Radical means going to the roots of the system—not trashing its symbols. In this light, it is much more radical to organize a union at a Starbucks, or to build the confidence of your co-workers to fight homophobia, or to defend women’s rights, than it is to smash a window.

Black Bloc tactics might inspire passive support from those who already don’t like the police. But the majority of people don’t agree with these actions, nor have the confidence to engage in them. Instead of building confidence, these actions generally produce confusion and allow the state to justify its repression and billion-dollar “security” expenditures.

Outside an already radicalized minority of people, these tactics don’t build the confidence of large numbers of people to fight capitalism. At best, they leave the impression that the fight against capitalism can only be carried out by a heroic minority. At worst, they leave people worrying about going to demonstrations. If a tactic doesn’t build workers’ confidence to resist, it doesn’t really challenge capitalism in any meaningful way.

That said, socialists must always defend the right of workers and oppressed communities to self-defence. The response from the left to the riots in Toronto after the Rodney King verdict is a good example: many defended the outrage at both the racism of the “justice system” and the police violence against King. It was a justifiable rage against a system of racism, but it wasn’t necessarily an effective strategy to defeat it.

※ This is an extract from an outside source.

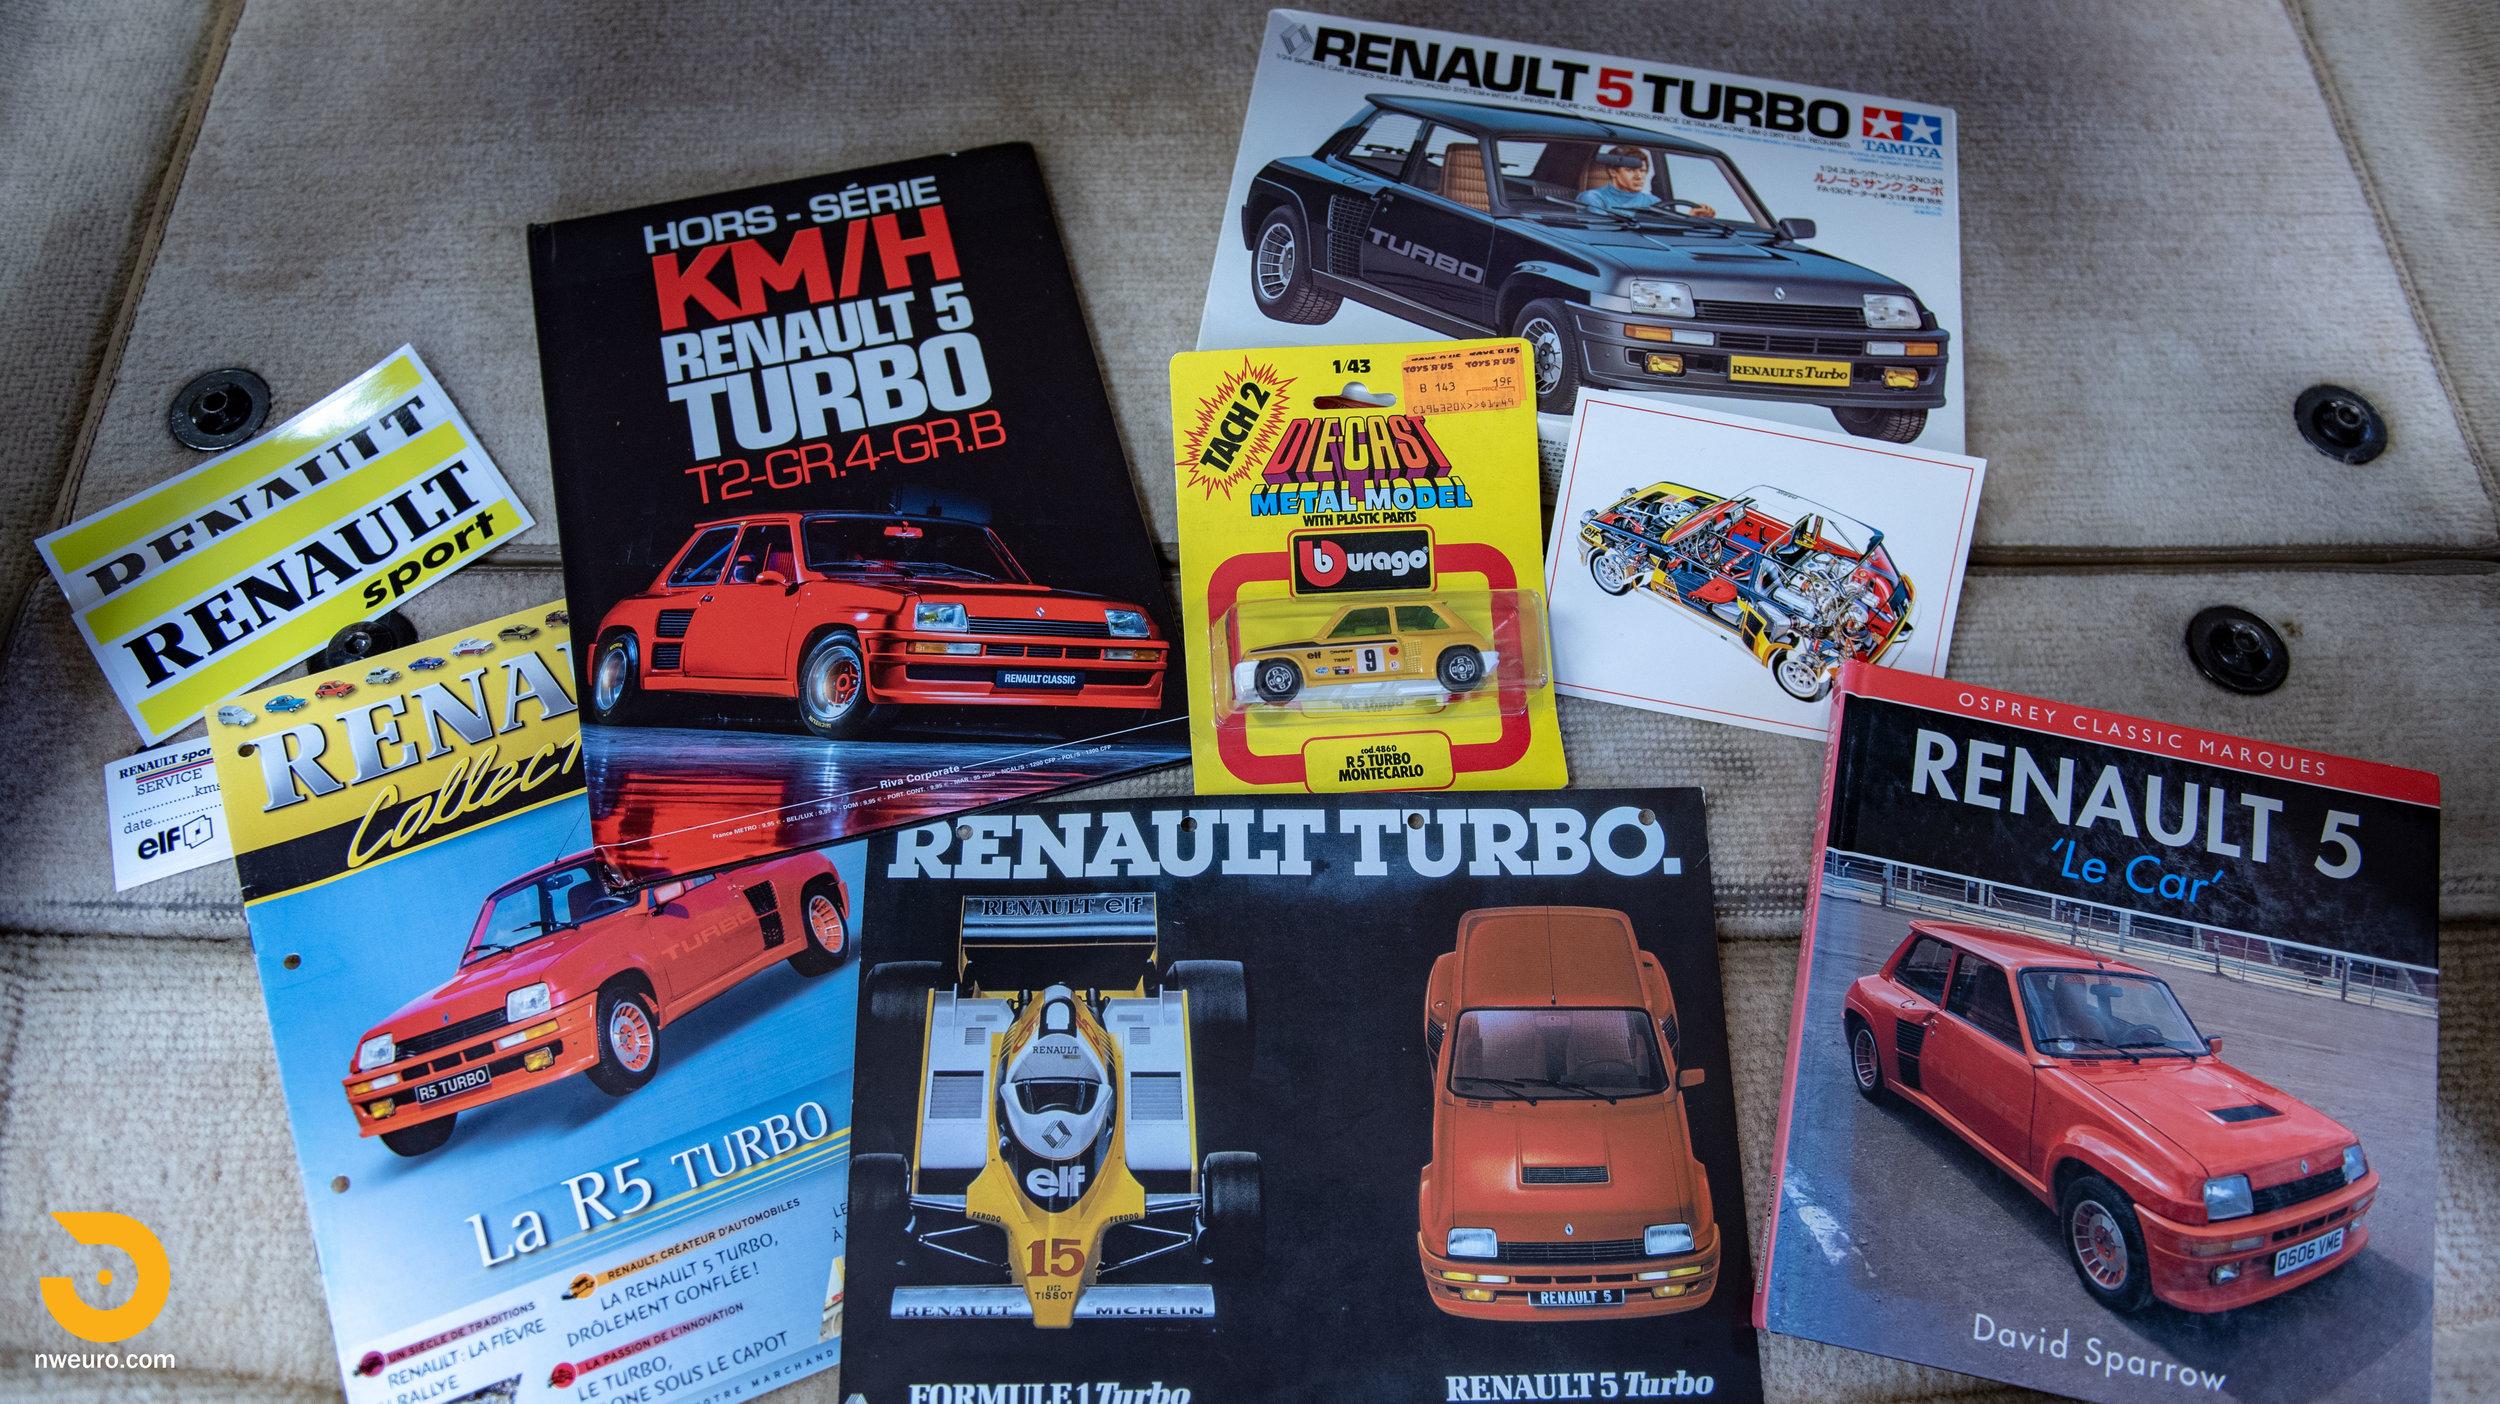 1983 Renault R5 Turbo 2 Extras-1.jpg

Capitalism won’t fall because of a few broken windows. To get rid of capitalism, we need to be prepared to work with anyone who is only just beginning to radicalize. This means relating to people who do not necessarily support radical ideas at the moment, but who might be won to those ideas in future struggles. On these terms, it is clear that the Black Bloc has alienated far more people than it has won.

Civil liberties

The same debate about tactics is now underway in response to police repression during the G20, with some claiming the demand for civil liberties is not radical enough, and similar critiques of the “People First!” demonstration.

Again, the point is that the demand to defend civil liberties has brought thousands of new people into activity, and exposed the scale of police and state repression, just as the “People First!” demonstration mobilized thousands of working people and their allies.

The role of socialists and anyone who wants to get rid of capitalism is not to denounce these actions, but to help build them—working alongside workers who may believe that capitalism can be reformed, and arguing for the need to move struggles beyond just the demonstration.

There are no short-cuts to getting rid of capitalism. Building workers’ confidence to resist Harper’s coming austerity measures will take organization, patience and debate. The key task for socialists is to take advantage of the growing anger at police repression, at the billions wasted on fighter jets and at Harper’s “law-and-order” agenda.

In short: to help workers radicalize and become involved in their own struggles. A revolutionary movement must demonstrate that it’s not only necessary, but possible, to win large numbers of people to challenge capitalism. But to do so means having the theoretical clarity to make the best tactical choices—ones that build the confidence of others to resist.